While the recreational travel segment is seeing recovery as vaccines go out and consumers become more comfortable flying the friendly skies again, the return of business travel is far less certain. American Airlines, for example, will fly 90 percent of its summer seat capacity by increasing short-haul international capacity to 120 percent, according to Wall Street Journal reports — but long-haul business travel will remain at 40 percent of the 2019 number.
And America is not alien in its cautious predictions for business travel recovery. Delta’s CEO has projected that business travel will be back to 70 percent of its pre-pandemic level by 2023. It might take far longer to recoup that other 30 percent, he noted, now that the definition of “necessary travel” has changed. Analysts, given the rather lopsided recovery, expect unit passenger revenues to stay below pre-pandemic levels well beyond 2023.
The market, it seems, is changing. Some of that change is technological, as products like Zoom, Google Meet, Slack and Skype make it easier for colleagues to meet in person virtually, reducing the need for face-to-face contact between colleagues. And according to Financial Times reports, professionals — particularly in the financial services sector — are increasingly willing to leverage those digital travel portals in lieu of getting on a plane and traveling vast distances.

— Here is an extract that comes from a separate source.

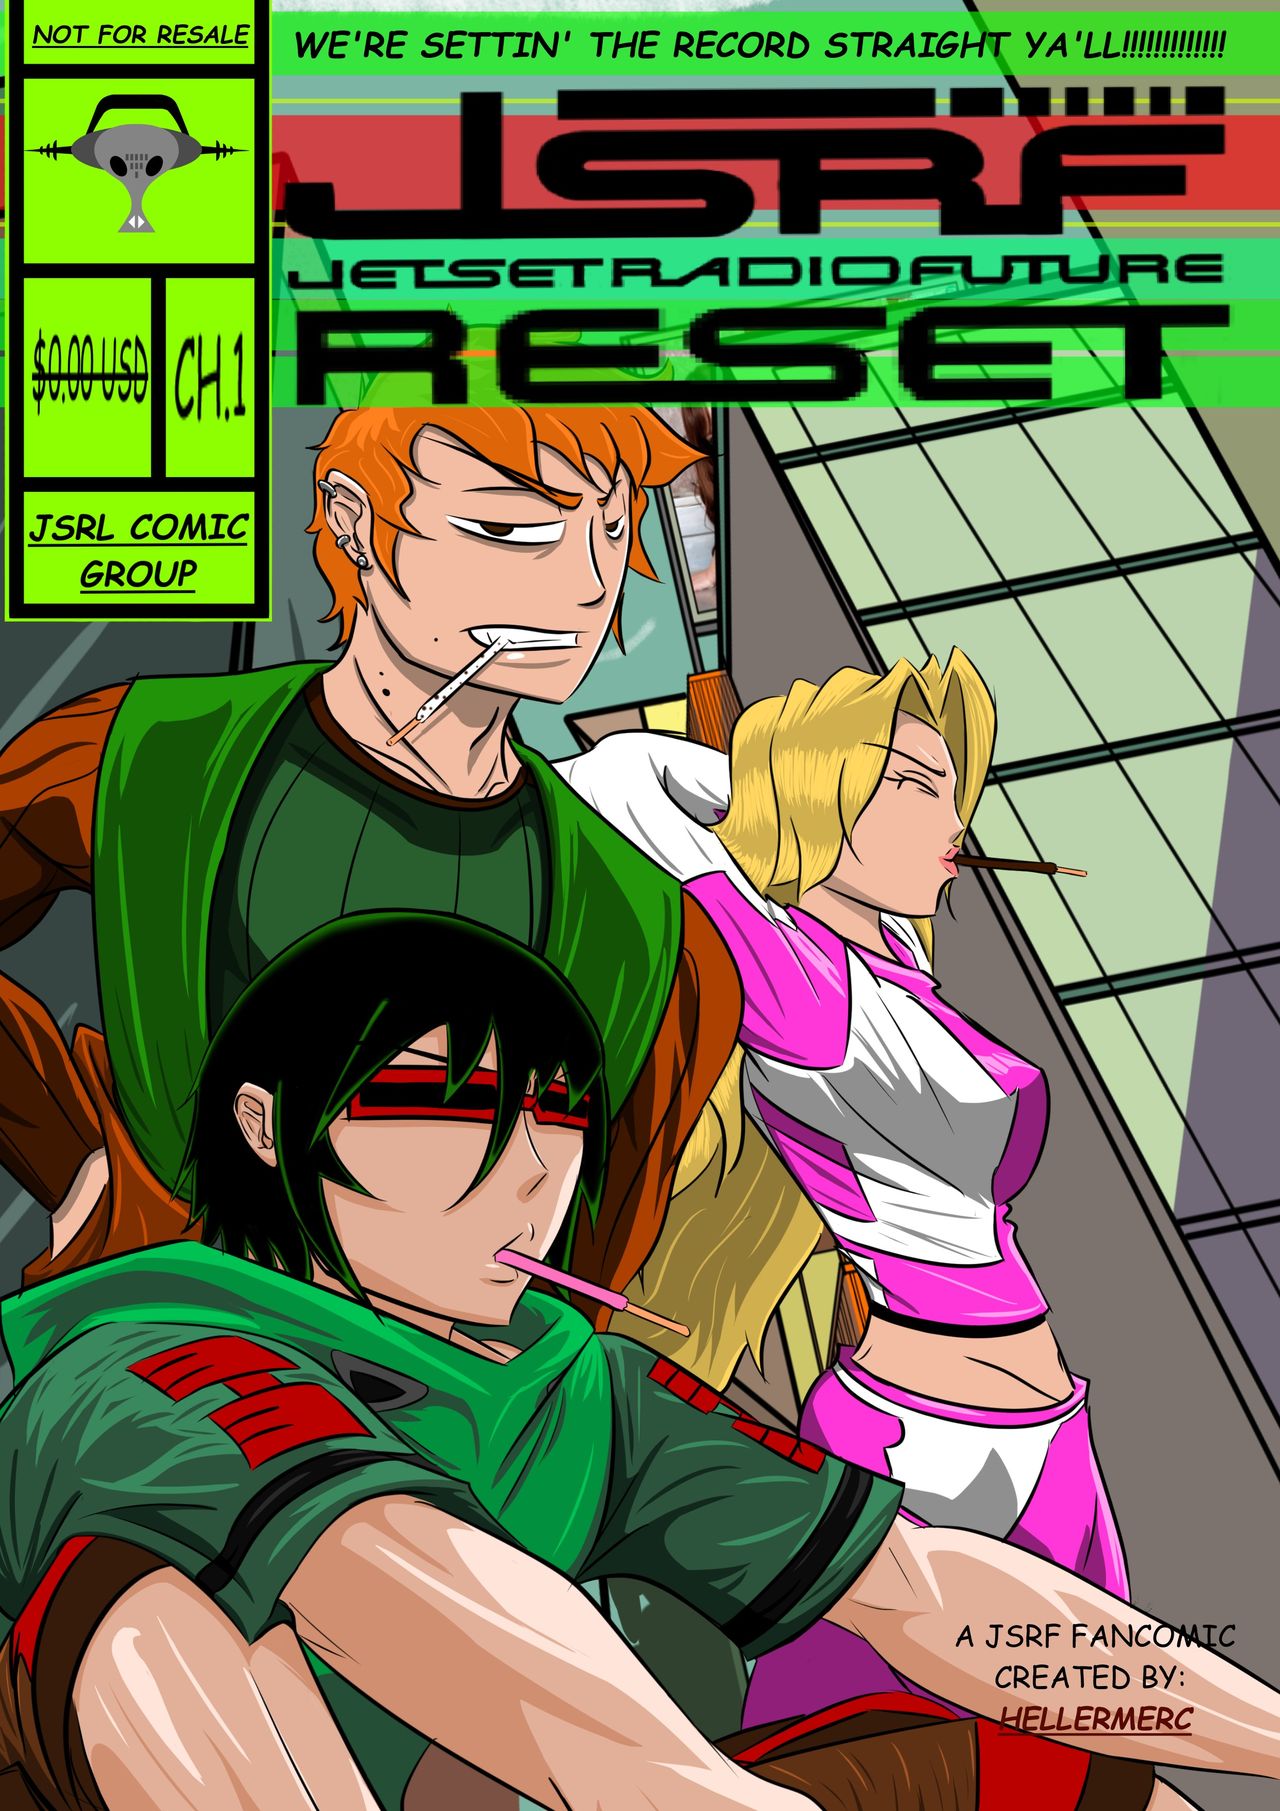 Jsrl comics - Jet Set Radio Future Reset

Business travel won’t disappear entirely, Andy Halford, chief financial officer of Standard Chartered, told the FT — but it won’t have to be nearly as prevalent as it was before the pandemic. “Meetings with investors to do updates, roadshows around the world, I expect those things will reduce. Many investors can get just as much out of it on video. But town halls with a lot of staff, important executive meetings … that will need to continue. The morale impact is worth the effort,” he said.

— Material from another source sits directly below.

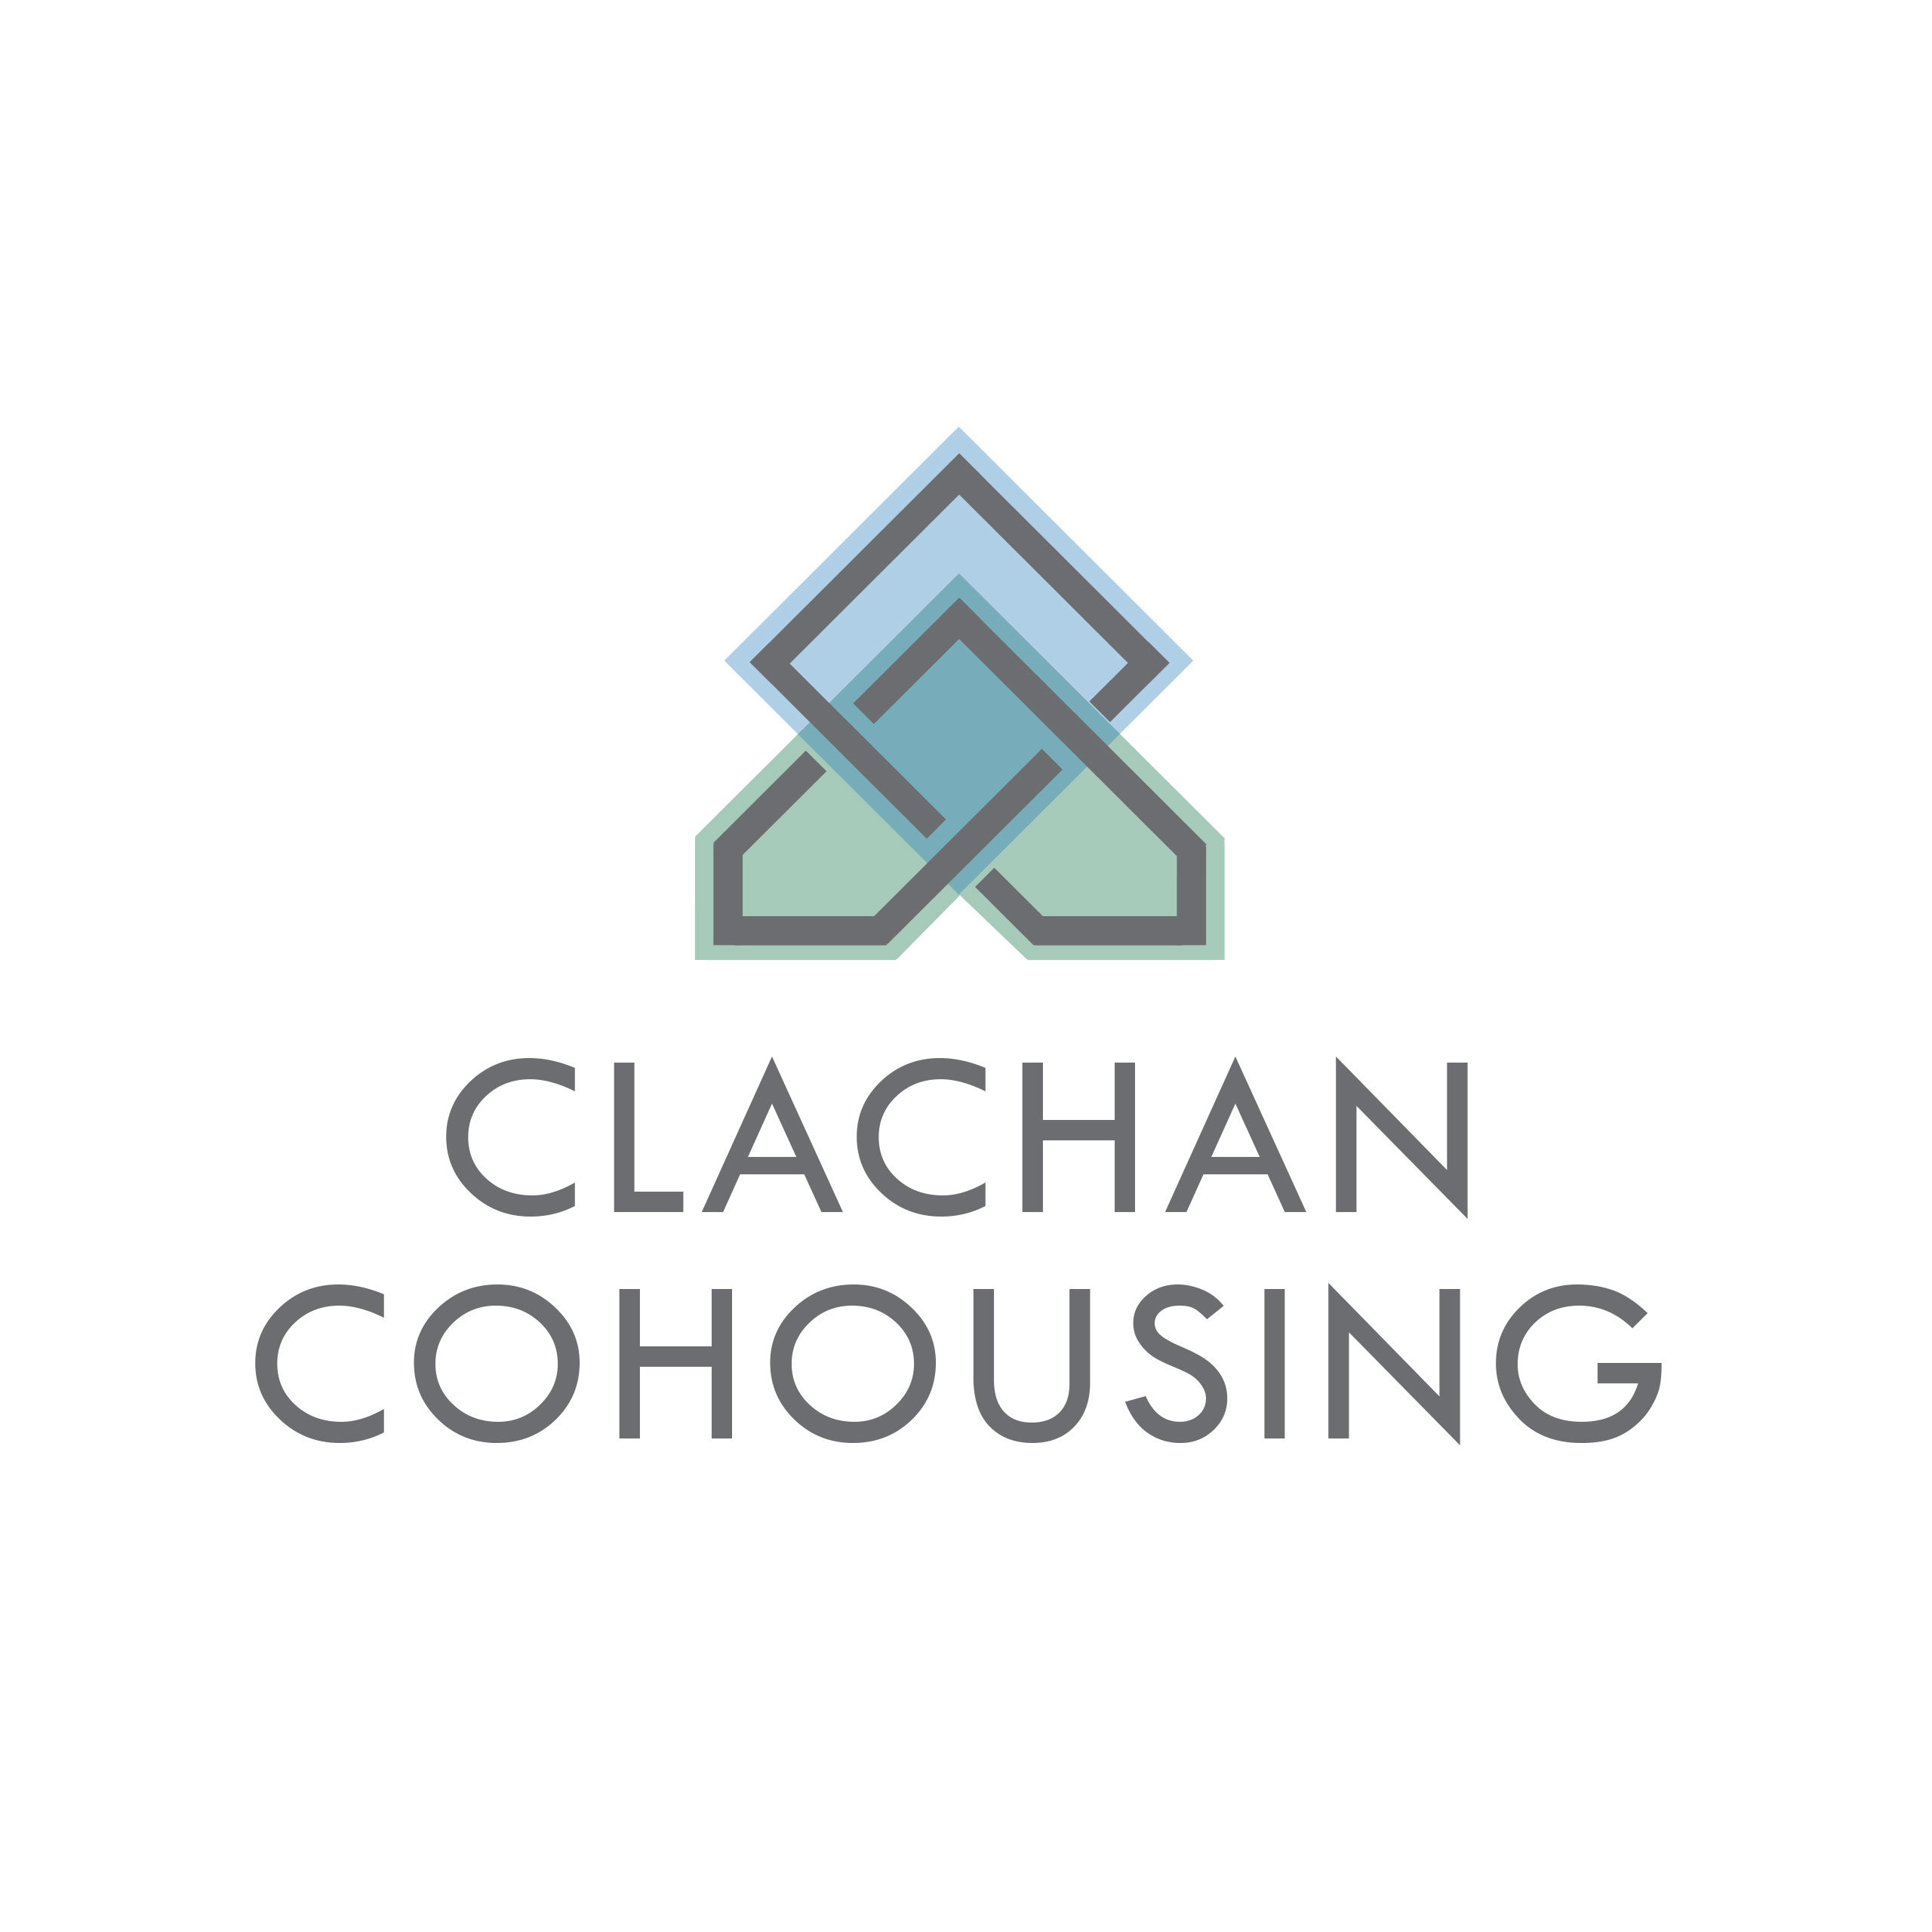 The logo of Clachan Cohousing

Several of the bankers that FT spoke to further opined that a good deal of travel, once seen as necessary to doing business, will now be considered superfluous and better carried out via digital channels. And those channels continue to improve as telework becomes a more common phenomenon. The teleconferencing phenomenon Zoom has recently announced the launch of a teleworking feature called Immersive View, which allows hosts to arrange video participants and webinar panelists into a single virtual background, bringing people together into one scene to connect and collaborate in a cohesive virtual meeting space.
It seems the T&E space will have to battle back through recovery, facing new competition from teleworking platforms that are getting better at virtualizing the experience — and as corporate treasurers are seeing a potential path to permanently reducing their travel budgets. Last week, for example, T&E platform TripActions announced a collaboration with Visa to support the expansion of “digital-first payment solutions for business travel.” The partnership will bring together Visa’s offerings and TripActions’ infrastructure to support expense management for TripActions’ large business clients throughout the U.S., and will also offer new tools to process payments. Much of the business travel market misses being out there, TripActions Liquid General Manager Michael Sindicich said in a conversation with Karen Webster and Visa Senior Vice President and Global Head of FinTech Terry Angelos, but they are looking for an improved experience across the board before they dive back in. “I think a lot of folks miss travel, but nobody misses doing expenses, right?” Angelos noted.
And, Ingo Money CEO Drew Edwards affirmed, workers really do miss traveling. Everything may not come back, like massive conferences with thousands of strangers meeting and shaking hands, he noted, but some business really is done better face to face. “I still believe people want to get out, but I might not go to a 20,000-person conference as willingly as I once did,” he explained. “But I don’t think the days of going to New York and having dinner with six people in a private dining room are dead forever.”
Not dead forever, but perhaps slower to recover than airlines and hotels might prefer. Because at one time, there was no replacement for actually being there — but the digital world is doing an increasingly good job of building quite a few possible replacements.